Stand Number 2310 Lower Paradise in Marondera shall only be disposed
as and when my estate failed to meet claims and demands, otherwise it
shall devolve upon my son KUDZANAYI
FRANK KATSANDE.”
Clause
3(b) is not ambiguous at all.
The
Stand was only to be sold if, and only if, the estate failed to meet
claims and demands from his creditors; otherwise it was to devolve to
the
applicant, as was the case with House No.18806 Unit L Seke,
Chitungwiza. The first respondent was expected to comply with this
provision as well.
The
condition that was set for the Marondera property to be sold had to
be satisfied first.

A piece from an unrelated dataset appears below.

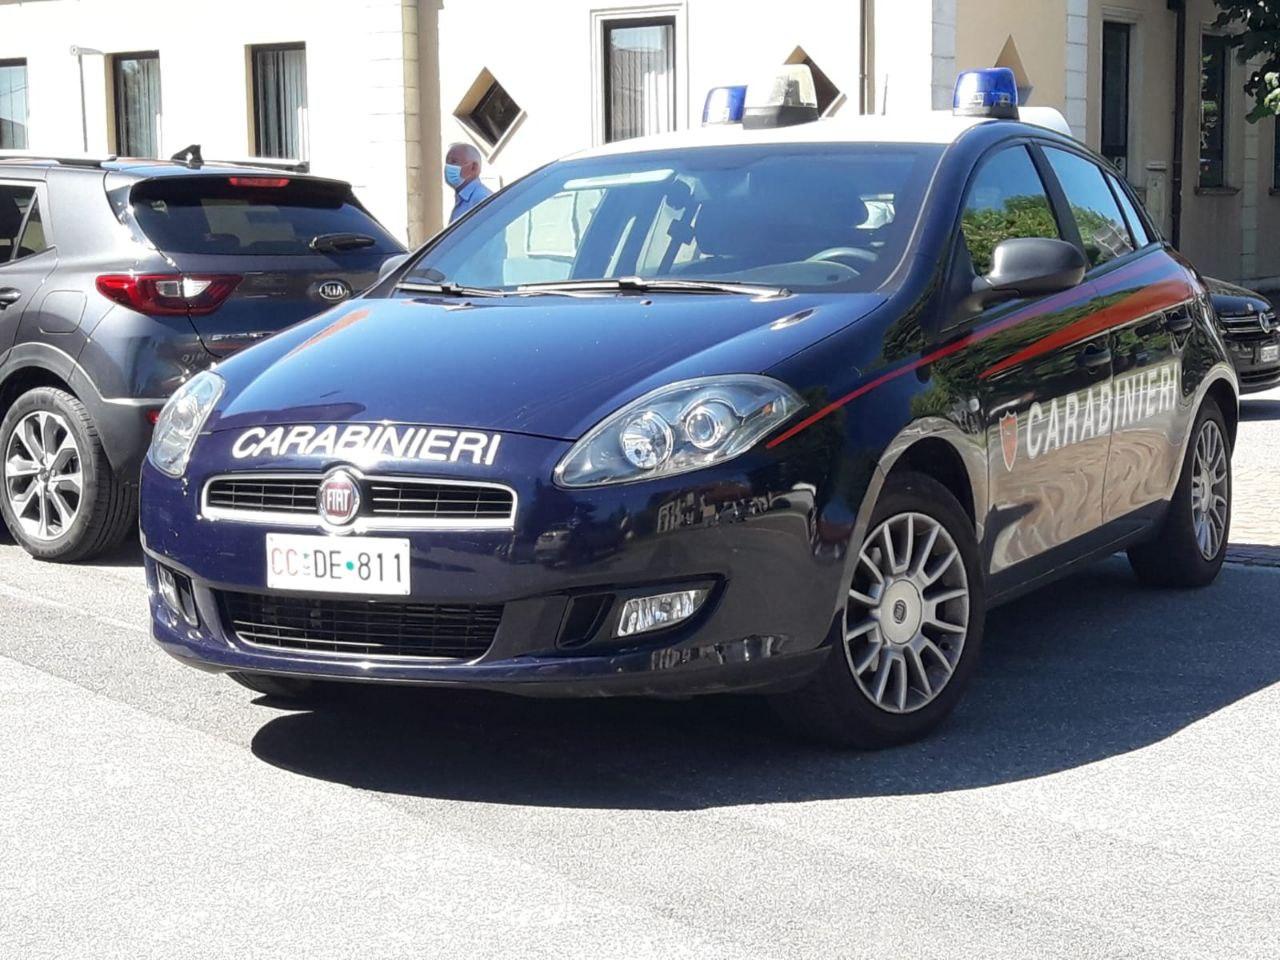 Limbiate: carabinieri arrestano 37enne per maltrattamenti in famiglia

The property could thus not be sold for any other
reason serve to meet claims and demands that the estate failed to
meet.
The
clear intention of the testator, as evident from the Will, was that
both immovable properties were to devolve to the applicant. House
No.18806 in Unit L Seke, Chitungwiza was not to be sold at all whilst
the Stand in Marondera was to be sold only for purposes of meeting
outstanding debts, if any. The first respondent's duty was to act
in terms of the clear intentions of the late Norman Katsande.
The
executor, if acting in good faith, needed to show that a need had
arisen to dispose of the Marondera Stand in terms of the condition
set by the testator. He could not devise his own conditions or
reasons to sell the property. As for the Unit L, Seke house the
executor had no authority to sell it at all.
In
his report, the Master of the High Court stated that the first
respondent represented that he wanted to sell the Seke house so that
he could buy two (2) smaller houses for the minor children. That was
clearly not in terms of the law and was contrary to the provisions of
the Will.
Master's
Report
It
is trite law that where estate property is to be sold it must be done
in accordance with the Administration of Estates Act [Chapter
6:01].
Section
120 of the Administration of Estates Act states that:-
“If,
after due inquiry, the Master is of the opinion that it would be to
the advantage of persons interested in the estate to sell any
property belonging to such estate otherwise than by public auction he
may, if the Will of the deceased contains no provision to the
contrary, grant the necessary authority to the executor so to act.”
In
this case the Master of the High Court's consent was of no
consequence as the Will did not provide for the sale of this
particular property, if anything it provided to the contrary.
In
any case, section 122 of the Administration of Estates Act states
that:-
“In
cases where minor heirs are interested in property inherited from the
estate of any deceased person the Master may apply, through the
chamber book, to a judge in chambers for authority for the lease,
mortgage, sale or other disposition of such property, and the judge
may make such order as in the circumstances he considers advisable.”
In
casu,
it is common cause that the applicant and his sister, Milenda Tinashe
Katsande, were minors and were heirs to the property in question.
If
the property was to be disposed of in any way, including the
Marondera property, the Master of the High Court should have complied
with section 122 of the Administration of Estates Act. In his report,
the Master of the High Court did not state that he had complied with
this section at all. It is clear from all the submissions that the
sale was in violation of the specific provisions of the law. See
Emmanuel
Nemuseso v Dorothy Mashita & Others
HH122-09.
I
am of the firm view that the net effect of the anomalies pointed
above, as regards both the executor and the Master of the High Court,
is that the purported sale of House No.18806 Unit L Seke, Chitungwiza
by the first respondent to the second respondent is a nullity. Not
only did the first respondent not have the right or authority to do
so from the Will itself, but he also acted dishonestly and
fraudulently in obtaining the Master of the High Court's
consent to sell. As already shown, the consent itself was not proper
in the light of the clear provisions of the Will and the law
applicable in such cases.
Consequences
of a nullity
Where
an act is a nullity, the innocence or otherwise of the other party to
the act is of no assistance at all. This is so because nothing can be
built on nothing.
In
F.
Katirawu v D. Katirawu and 3 Others
HH58-07 the second respondent had claimed to be an innocent purchaser
of rights and interests in a property where the purported executor
was found to have acted fraudulently in obtaining the Letters of
Administration. After holding that the sale was a non-sale, MAKARAU
JP went on to say that:-
“In
conclusion, the rights that the second respondent believes to have
purchased and acquired from the first respondent are tainted by the
same illegality and amount to nought by token of the same reasoning.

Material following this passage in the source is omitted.